Under the Gun was Fighting Instinct's second and final work, released on October 28, 2008. Although it was originally an EP consisting of five songs, they released an album issue of the same EP on the very same day, with 4 bonus tracks added to it.

Professional ratings
Review scores
| Source | Rating |
| Jesus Freak Hideout | Star Half star |

== Background ==
During 2007-2008 period, the band's Lead Vocalist, TJ Harris had filled in four to five times in live shows for the band Decyfer Down due to reasons which caused their Lead Vocalist, Caleb Oliver, from performing. In late 2008, Harris was asked to join Decyfer Down, while he was already with Fighting Instinct. He claimed in an interview that it was a tough decision for him to say yes.
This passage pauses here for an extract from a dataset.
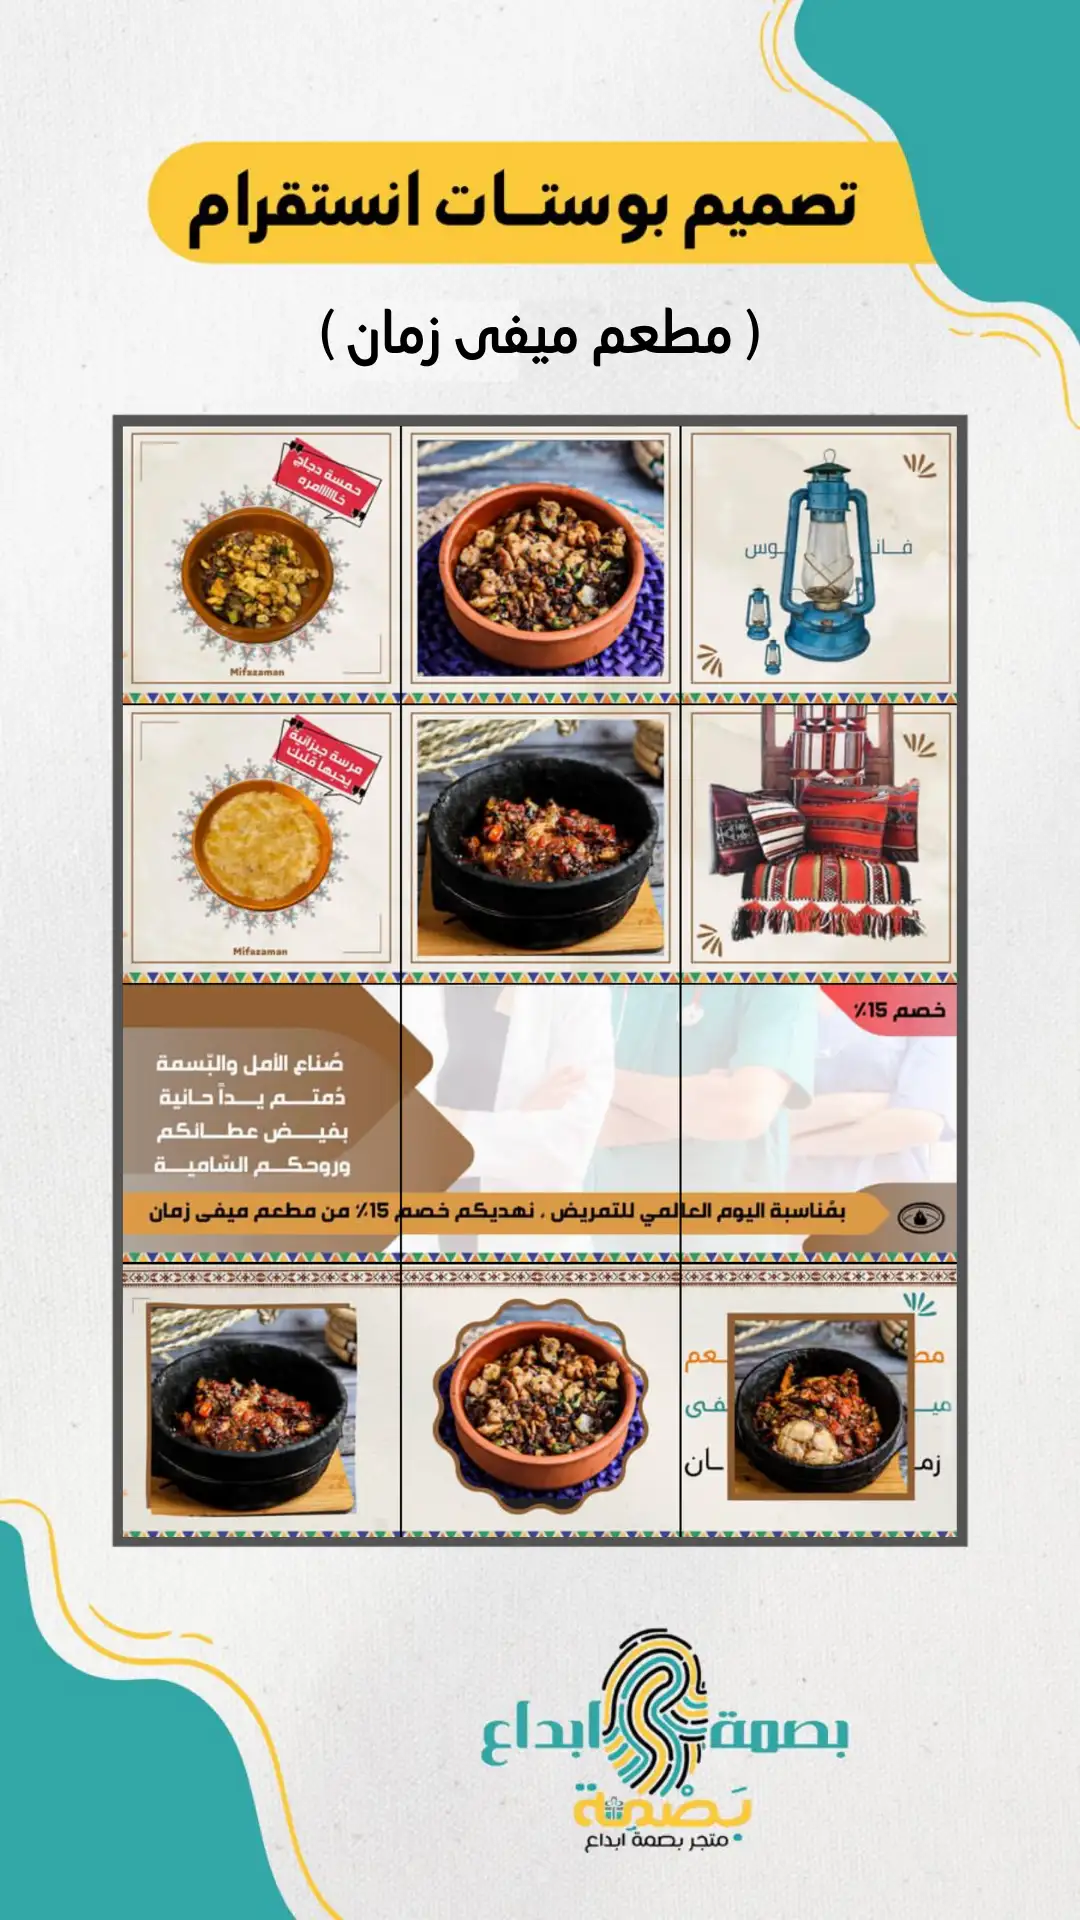 تصميم بوستات بطابع شعبي لمطعم ميفى زمان

In October 2008, the band announced on their MySpace page that they will be releasing an EP named Under the Gun, consisting of five songs. Along with that, they announced that the band will break up by the end of the year. Although it was never announced, the band added four bonus tracks to the EP and turned it into a special edition 9-track album.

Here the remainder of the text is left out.